Why the world will miss hypocrisy in American foreign policy.

Although US President Donald Trump lies a lot, even by the standards of American presidents, a bleak, transgressive honesty about how the world really works has always been core to his peculiar political appeal:

Politicians are corrupted by big donations; only stupid people pay higher taxes than they can get away with; he could shoot someone on Fifth Avenue and not lose a vote. "You think our country's so innocent?" he once replied when asked about the murderous record of Russian President Vladimir Putin.

Mr Trump's forthrightness about his interest in Venezuela is of a piece with this politics and worldview. He is not intent on regime change, let alone on spreading democracy.

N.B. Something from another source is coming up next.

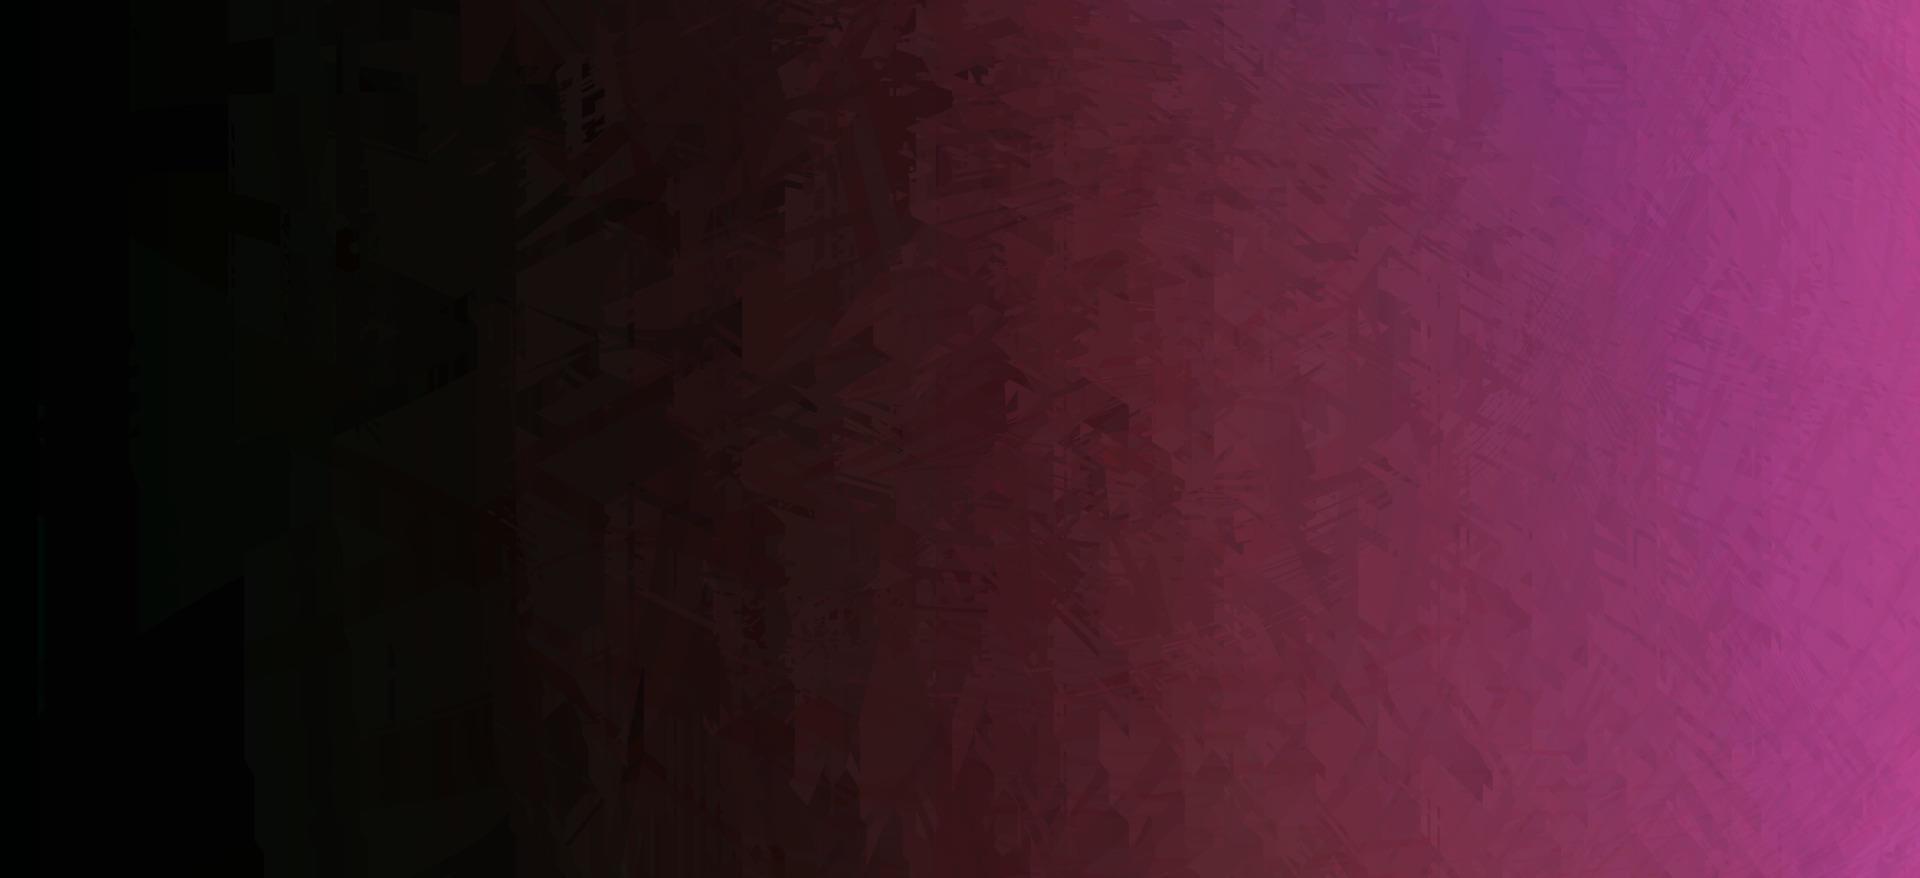 donker bruin en Purper waterverf helling abstract vector ontwerp. futuristische backdrop voor poster, brochure, spandoek. waterverf achtergrond in Purper helling kleuren. uitnodiging of bruiloft kaarten.

In fact, he seems content with regime stabilisation, as long as the regime recognises America is "in charge", because what he wants most is the oil. "We're going to be taking out a tremendous amount of wealth out of the ground," Mr Trump said after American forces snatched the country's despotic leader, Nicolas Maduro.

Because gaps between a politician's stated principles and his actions supply the easiest targets for his critics, Mr Trump's unabashed cynicism lends him a shield. Some may whinge that Mr Trump is violating his "America First" standards, but on this point he is no hypocrite. To him, the slogan does not imply isolationism. It licenses American aggression in pursuit of naked self-interest.

Other objections to Mr Trump's lightning strike seem even less likely to gain purchase.

Democrats may keep complaining he violated the Constitution by assuming Congress' authority to declare war, but so what? Presidents have been doing that for well over a century.